Gesture, Movement, Freedom: On the Micro

An Archive and Forms of Sight: Gestures of Madness

Date: Wednesday 15 October 2025

Venue: CHR’s Iyatsiba Lab, 66 Greatmore Street, Woodstock (enter via Regent Road)

Time: 4:00pm-5:30pm

My history of madness in the Belgian Congo will rely on tracking transactional, micro, and urgent documents as gestures. These promise to open “spheres of ethos,” with human riddles, forms of upheaval, and violence (Agamben 1992).

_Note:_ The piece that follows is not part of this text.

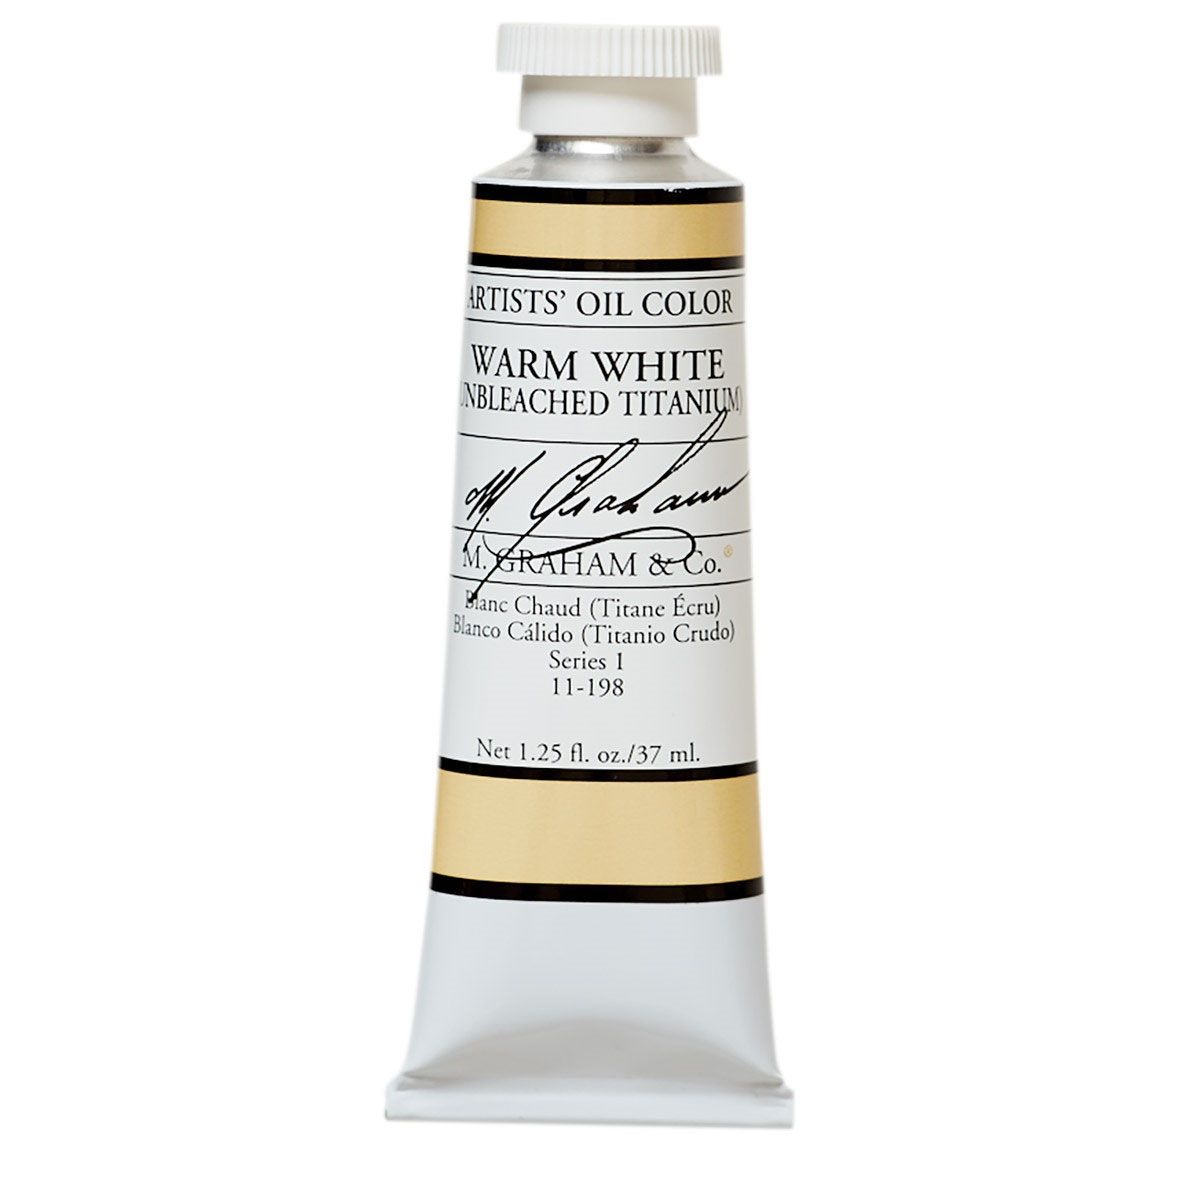 M Graham Oil Paint - Warm White (Unbleached Titanium) 37 ml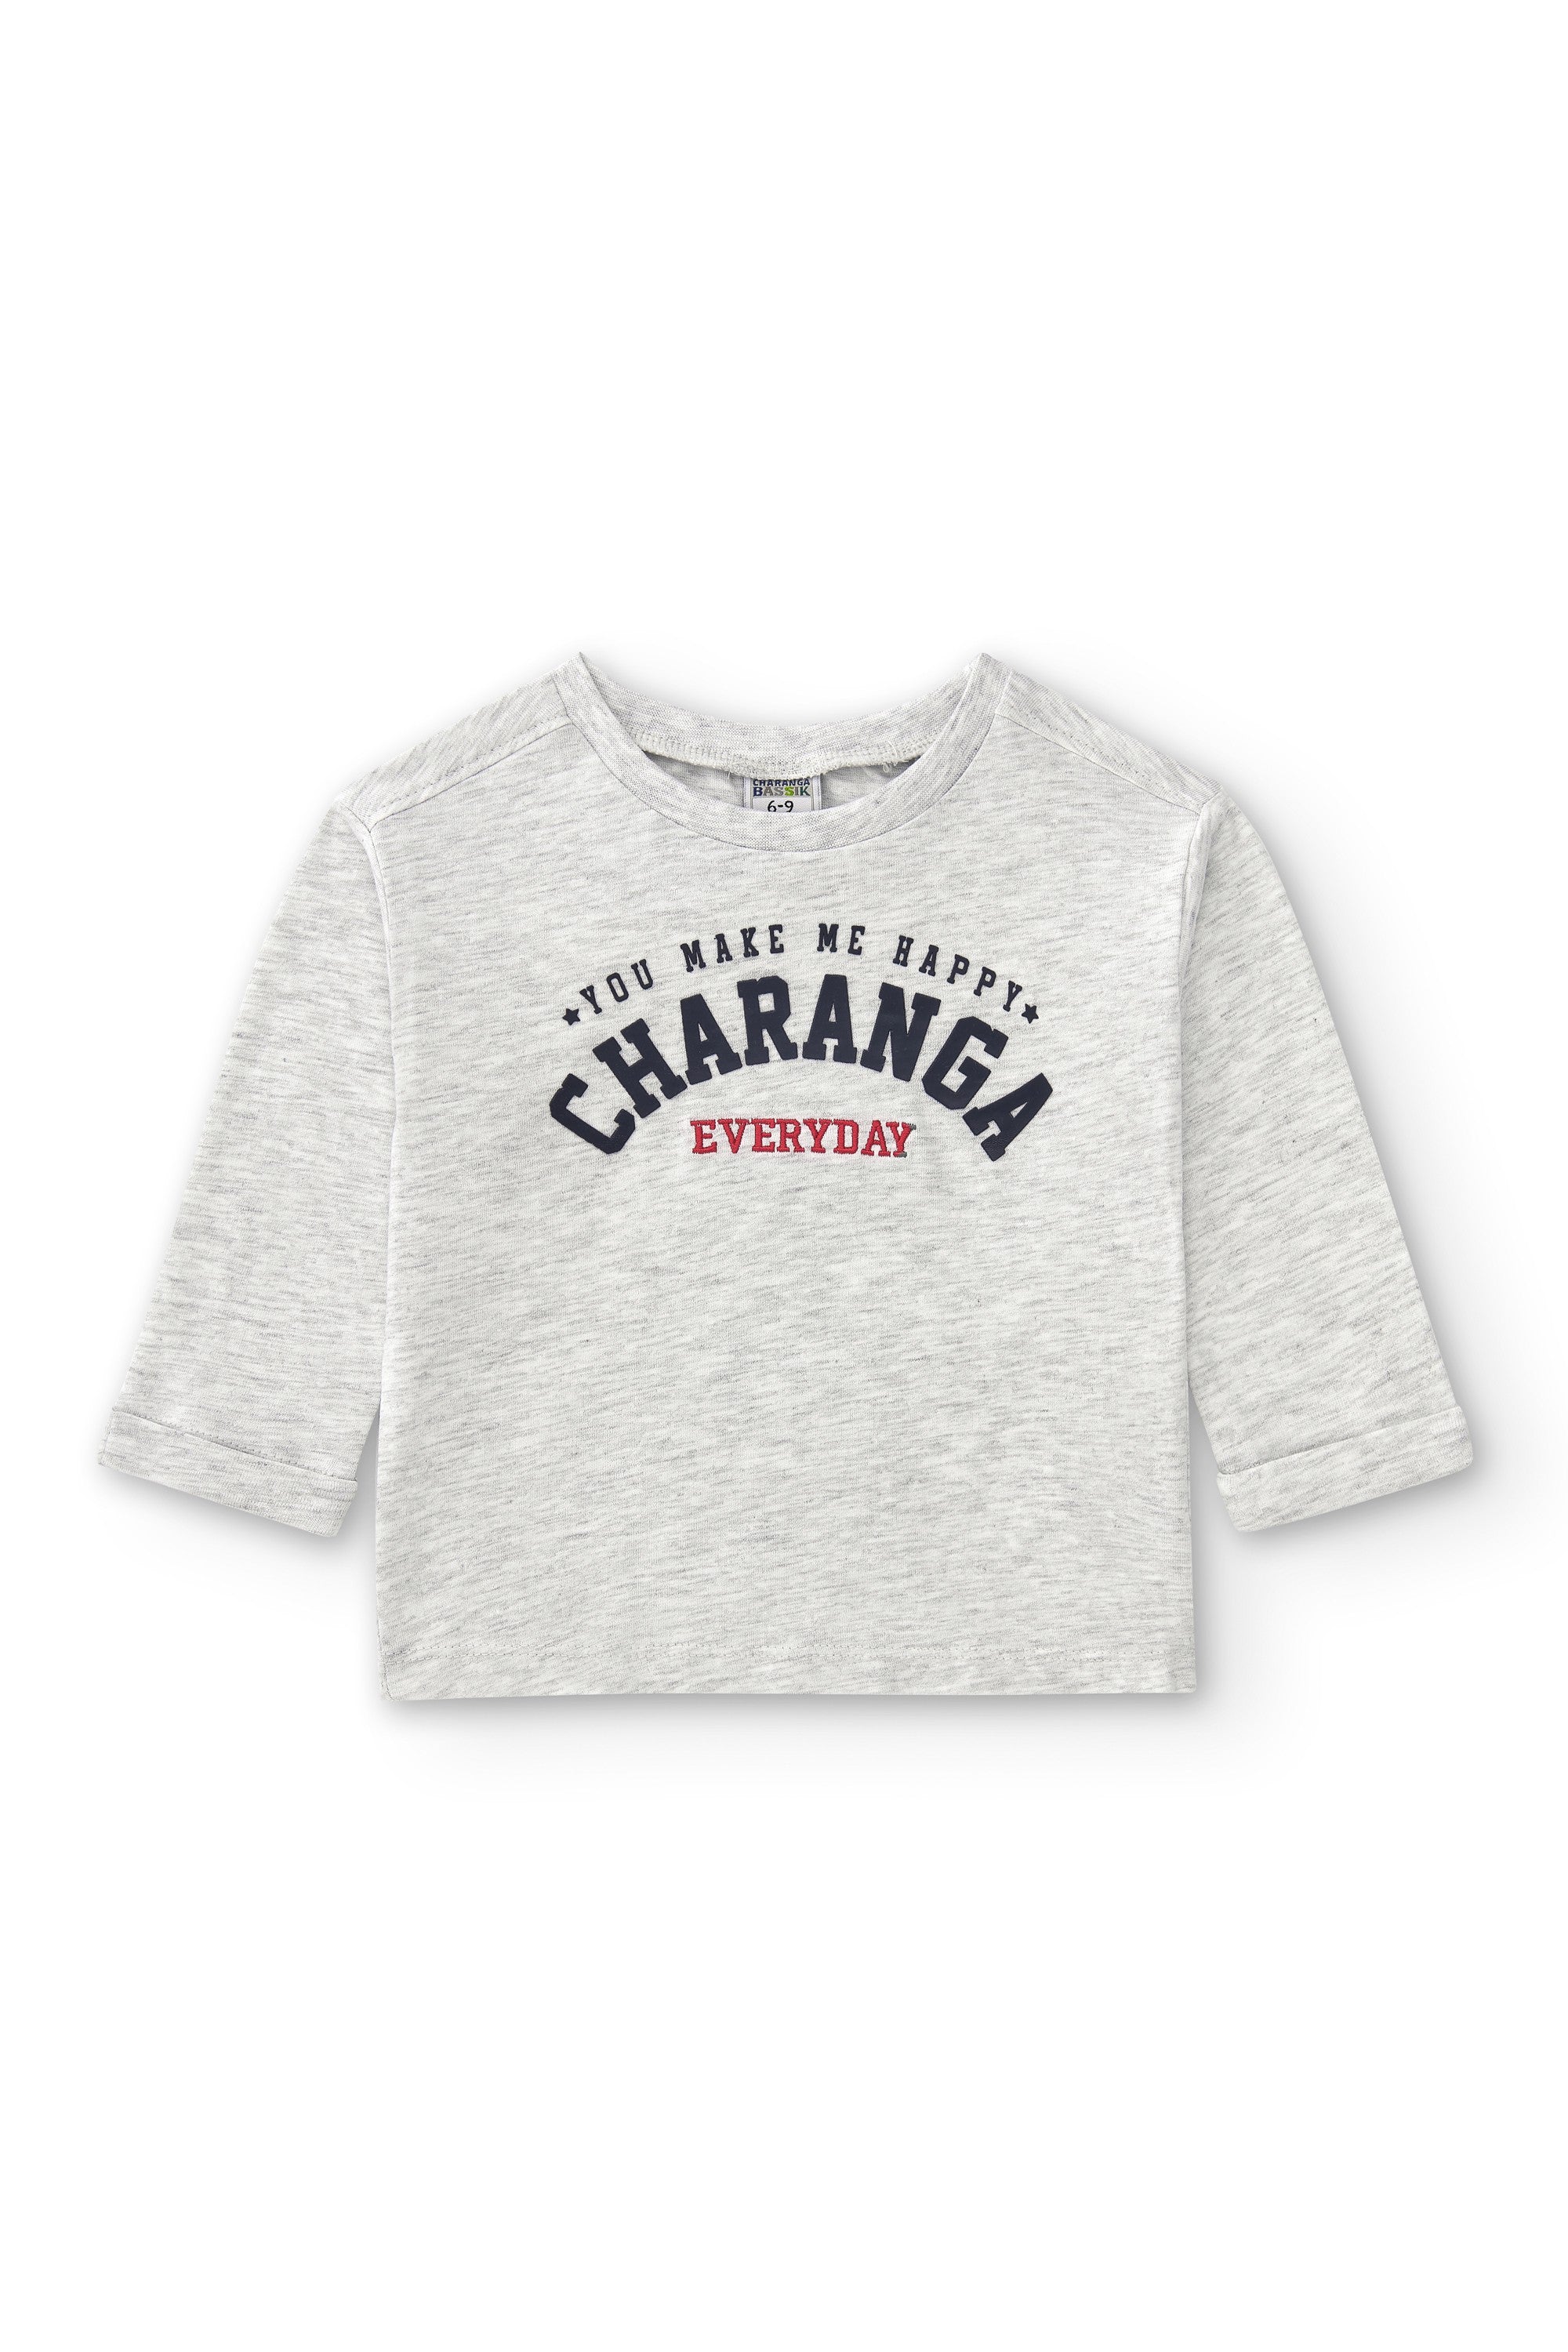 Camiseta de bebé gris VERANO/Charanga

The archive tells of colonial gestures of, and before, such individuals exhibited signs of madness. Not colonial doctors but territorial authorities decided how to relocate the disturbed: into a carceral enclosure and by what means of conveyance. One thick file tells of a Portuguese manager who committed suicide in the 1950s. The related narratives document gestures surrounding the suicide, the tidying of murky affairs afterwards, and much interrogating of his Congolese workers with memories of betrayal and loathing.

The complete assemblage of colonial episodes may yield a sociology of madness in relation to economic zones. Like “a constellation,” the “phenomena . . . composed in a gesture” (Agamben 1992), may align with a “riddle of critique” or a “gesture of upheaval” (Didi-Huberman 2017). Present were middle figures, the kind noted by Balandier as acutely important to postwar central Africa’s brittleness, thus not whites, not blacks, not évolués, but not-quite-white figures from Greece, Portugal, Italy, or Angola all via Mediterranean zones.

In avoiding a “fixed repertoire of images,” rather in seeking representations that move and stir, “reification and effacement” may be evaded beside a “freeing of the image” (Agamben 1992), itself a gesture. The archive seems not immediately visual, though some documents knew gestures: coloration, marks for emphasis, and boastful letterheads. The analytical work entails identifying counterpoints, and comparing that excessive, fat suicide file with thin, microscopic, ordinary cases telling of a single person, event, and yet more gestures. One register will focus on compositional gestures, per page or archival series, or look for regularities, aberrations, and eccentricities in the writing and the acting. A second register will concern the gestures of a person perceived as mad, thus as abnormal, strange, or eccentric, and requiring gestures of mastery before their misdeeds, and also as one brought to a state agent’s attention.

My analysis will weave between a gestural visuality of paperwork and live frictions, also between one human being subdued, and another presuming to be in control, as well as diverse human sensibilities suggesting a fraught ethos. If a challenge of this colonial archive lies in its thinness – often a mere scrap of paper, per case –repetitions and rhythms of form will pry open matters of the cinematic, the fictive, life on the move. The word gesture, in sum, will anchor the microscopic in relation to a large archive and its forms of sight.

Nancy_Rose_Hunt

Nancy Rose Hunt

A specialist of history and anthropology in Africa, Nancy Rose Hunt focuses on matters medical, therapeutic, and gender, while paying attention to material objects, everyday technologies, visual culture, and violence. She has published articles and essays on reproductive politics, breastfeeding, nursing, letter-writing, bicycles, comics, and power in colonial situations; as well as on abortion in African novels; colonial technologies and postcolonial debris; and the acoustics of war and humanitarianism. Her first book, an ethnographic history set in the Belgian Congo and then Zaire, A Colonial Lexicon: Of Birth Work, Medicalization, and Mobility (Duke,1999), received the Herskovits Book Prize in 2000. A Nervous State: Violence, Remedies, and Reverie in Colonial Congo (Duke, forthcoming) analyses two intertwined domains–the securitization of therapeutic insurgency, and the medicalization of infertility–in a part of the Belgian Congo (1908-60), which became iconic as a zone of rubber extraction, war, and horrrific violence in the period when Congo was King Leopold’s Free State (1885-1908). She is also working on a condensed world history of health and medicine for Oxford University Press.

Since 1985, she had done field research and taught in the Democratic Republic of Congo, Ghana, and Burundi, under Social Science Research Council and Fulbright fellowships. A Fellow at the Netherlands Institute for Advanced Study in 2001-02 and at the Wissenschaftskolleg in Berlin in 2010-11, she was named a CICS Human Rights Faculty Fellow at Michigan for 2012-2013.

The 2025 International Workshop on Visual History & Theory will take place between October 14-15. It takes as its starting point the notion of gesture, which operates across a range of literal and conceptual levels.